Ils sont éleveurs et transforment le lait des vaches tarines en beaufort. Mais pour 1/3 d’entre eux, il y a une autre vie professionnelle en dehors du fromage. Ces agriculteurs exercent une deuxième activité en lien avec le tourisme à la montagne. Tranches de vie, épisode 1.

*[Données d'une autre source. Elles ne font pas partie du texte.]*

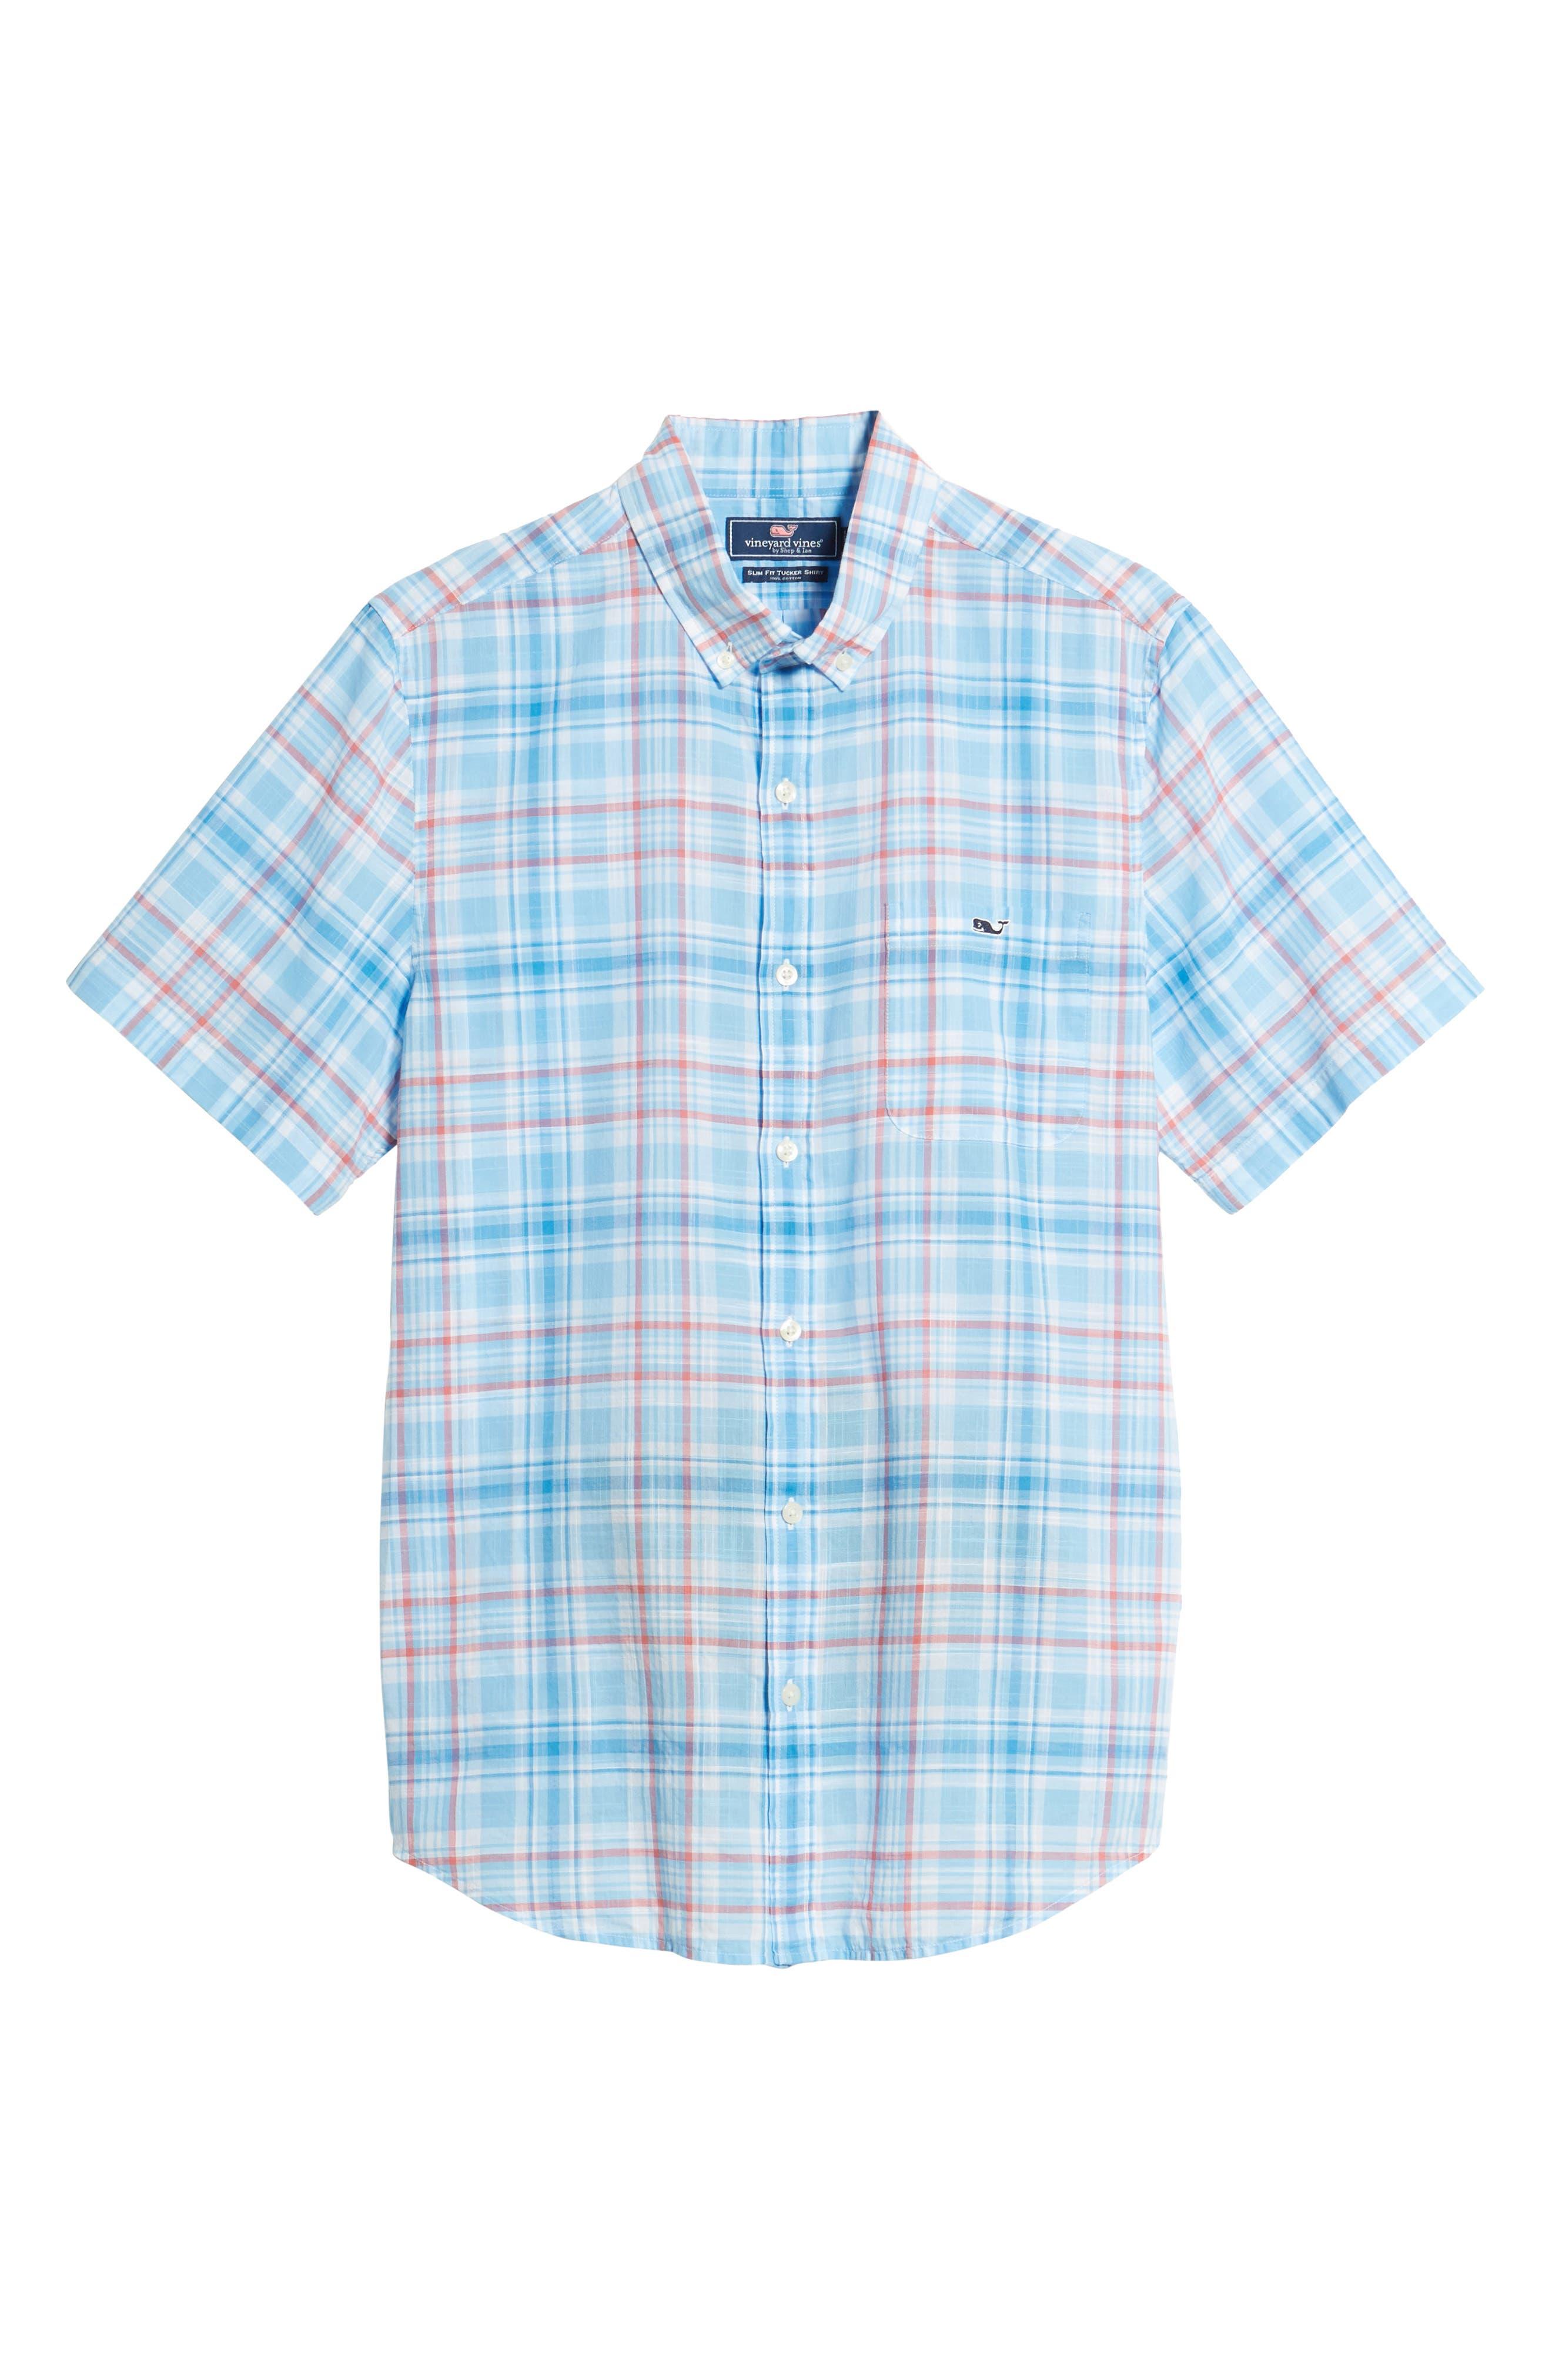 Fire Road Tucker Slim Fit Plaid Sport Shirt,                             Alternate thumbnail 6, color,                             484

Ce premier épisode d’une série qui en compte 12 va peut-être redonner le sourire à ceux qui, en raison de la crise sanitaire, ont décidé de ne pas profiter de la montagne comme ils le faisaient les autres années. L’histoire se passe du côté des Arcs, de Peisey-Nancroix et de la Plagne. On y voit de la neige, du ski de randonnée et des dameuses sur les pistes. Pourtant, ce n’est pas une vidéo sur les sports d’hiver. Le court-métrage de 7 minutes parle avant tout d’un fromage de Savoie, le beaufort, et de ceux qui le font. Le film met en lumière ces éleveurs et éleveuses savoyards qui transforment le lait en fromage.

4 saisons de 3 épisodes

La websérie consacrée à la filière Beaufort va se décliner en 4 saisons de 3 épisodes chacun, avec une famille pour chaque vallée de production : la Tarentaise, le Beaufortain/Val d’Arly et la Maurienne. Les producteurs que la caméra a suivis veulent partager leur passion. Le premier épisode a été tourné dans la vallée de la Tarentaise. Au Gaec alpin, des familles Poccard et Scalia, entre la traite et le soin des vaches de race tarine au quotidien, les vélages, l’entretien du matériel… et la fabrication de beaufort, les journées paraissent bien remplies.

1/3 d'éleveurs doubles actifs

Pourtant, dans la zone de production du beaufort, 1/3 des éleveurs sont doubles actifs. En dehors de la pandémie qui pour beaucoup est venue perturber cette deuxième activité, ils sont dameurs, pisteurs, ou encore moniteurs de ski dans les stations proches de leur exploitation. « Un vrai lien avec nos montagnes, » commente Pierre Poccard, vice-président du syndicat du beaufort.

On a la « chance de travailler un produit qui mérite un savoir-faire ancestral et auquel on peut rajouter une modernité ». Une nécessité pour pouvoir transmettre, estime l’éleveur, et  « espérer qu’on n’est pas les derniers à faire ce travail. » Pour lui, le pari semble réussi. « Derrière moi, il y a toute une génération de jeunes qui s’impliquent, » assure le vice-président. La 4e génération est déjà bien active.